Committing a terrorist act is an offence under section 101.1 of the Criminal Code 1995 (Cth). This offence is a serious indictable (SI) offence and must be finalised in the Supreme Court, but commences in the Local Court. The maximum penalty for committing a terrorist act is life imprisonment. This offence carries a minimum non-parole period and the court must fix a non-parole period of at least ¾ of the overall sentence imposed.
If you have been charged with committing a terrorist act, the prosecutor must prove that:
- you committed an act of terrorism
- you intended to commit a terrorist act
- you intended for your actions to advance a political, religious or ideological cause
- you intended to influence through intimidation the government, public or a portion of the public
A terrorist act
A terrorist act is broadly defined. It encompasses both acts and threats of action. You are deemed to have committed a terrorist act if your act or threat of action involves:
- endangering a person’s life
- creating a serious health or public risk
- serious physical harm or the death of a person
- serious damage to property or
- interfering with electronic systems, (e.g. telecommunication systems, transport systems, government services, etc.).
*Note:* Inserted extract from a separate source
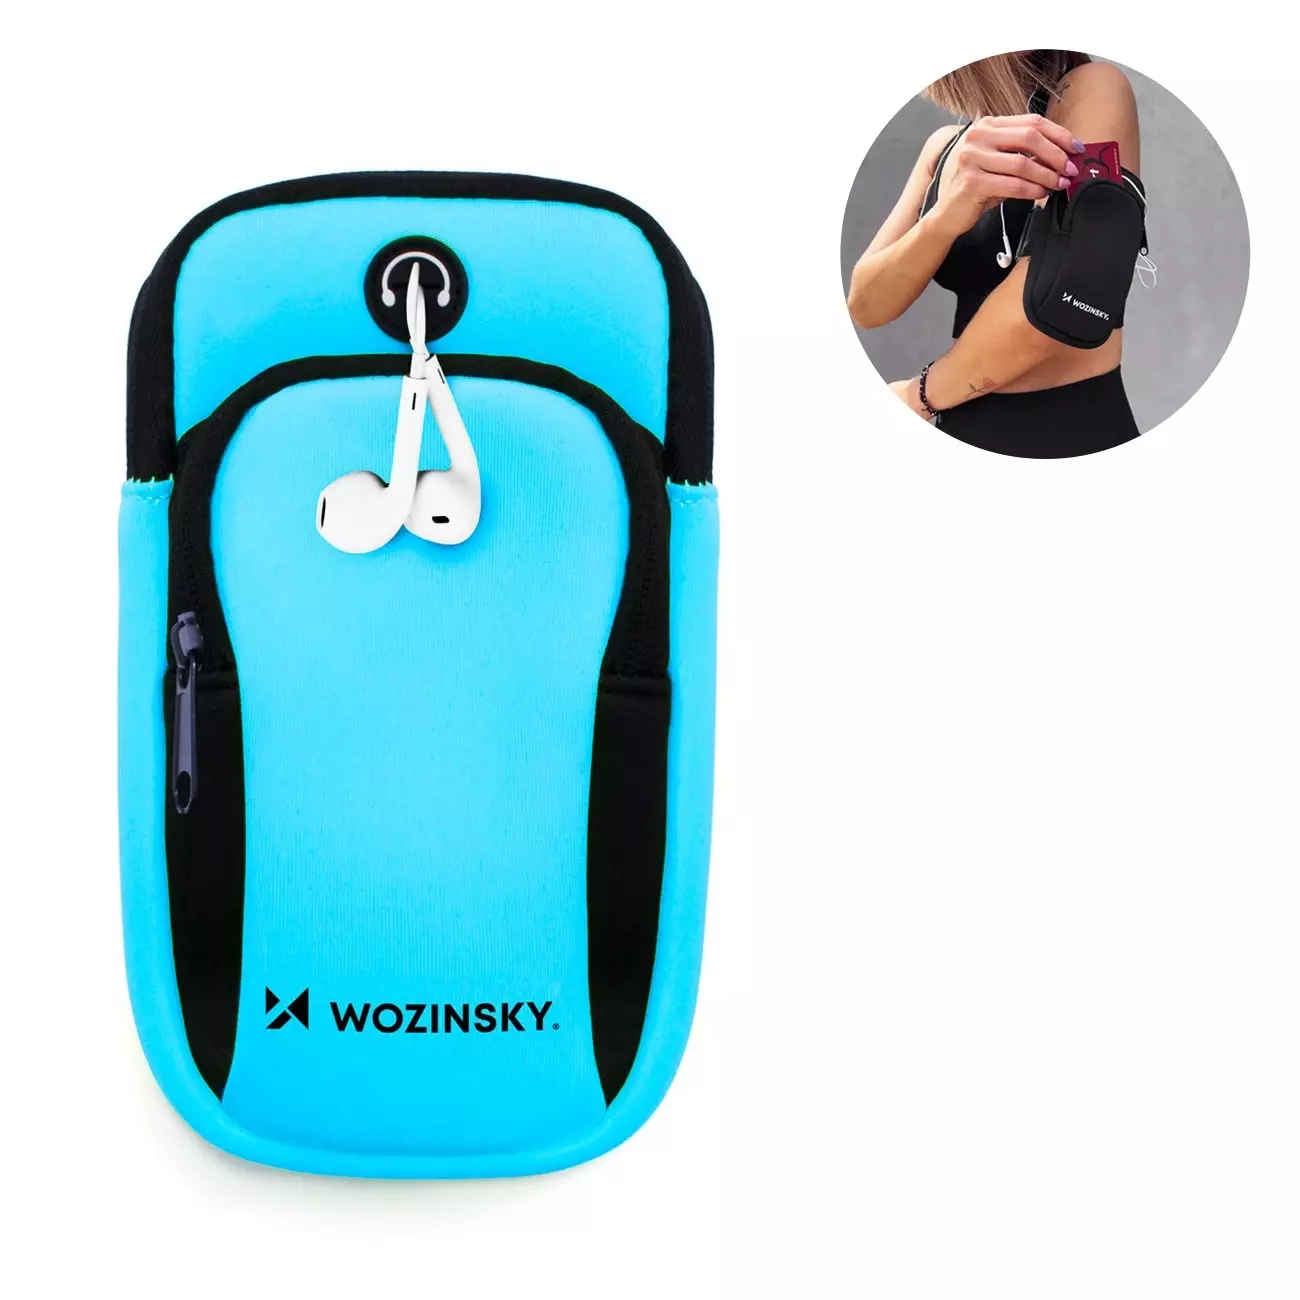 Wozinsky-Armband für Lauftelefon blau (WABBL1)

Other terrorism offences include: providing support to a terrorist organisation, membership of a terrorist organisation, advocate the doing of a terrorist act, collecting or making documents likely to facilitate terrorist acts.
What does ‘advance a political, religious or ideological cause’ mean?
For the purposes of a terrorism offence, this element will be satisfied if the police can prove that your action or threat of action was made in the name of a political, religious or ideological group. The action or threat of action must be done in an attempt to influence the government or public through intimidation to adopt the beliefs of that political, religious or ideological group.
What is a minimum non-parole period?
A non-parole period is the period of time someone spends in jail before they will be released on parole (or considered for parole).
A minimum non-parole period is a mandatory piece of legislation which specifies the non-parole period by reference to the overall sentence. This means that the sentencing Judge cannot impose a non-parole period which is less than ¾ of your overall sentence. However, the sentencing judge may impose a longer non-parole period.
What are the possible defences?
- You may deny that you committed a terrorist act.
- You may agree that you committed the physical act, but deny that it was to advance a political, religious or ideological cause.
- You may have been mentally ill, assuming it fits the legal definition for mental illness
Should I plead guilty or not guilty?
This will depend on a number of factors, including whether you accept that you committed a terrorist act.
You may accept the alleged conduct, but your lawyer may be able to persuade the prosecution to accept a plea of guilty to a less serious charge.
Alternatively, you may accept the charge but disagree with part or all of what police say happened. In these circumstances, your lawyer may be able to negotiate with the prosecution to change the ‘facts sheet’.
What sentence will I get for a terrorism offence?
It is certain that the court will record a conviction for terrorism offences. The type of sentence you receive will depend on the facts of your case, your personal circumstances, criminal history and many other factors.
It is almost certain that you will go to jail. The maximum penalty for this offence is life imprisonment. A minimum non-parole period applies, that period is to be at least ¾ of the overall sentence imposed. The length of sentence you receive will also depend on the facts of your case, your personal circumstances, criminal history and many other factors.
If I am sentenced to life imprisonment, will I ever be eligible for parole?
Yes, if you are sentenced to life imprisonment, section 19AG(3) of the Crimes Act 1914 (Cth) provides that the minimum non-parole period is 22 years and 6 months. However, it should be noted that this non-parole period is the minimum and the Judge may sentence you to a higher period of non-parole.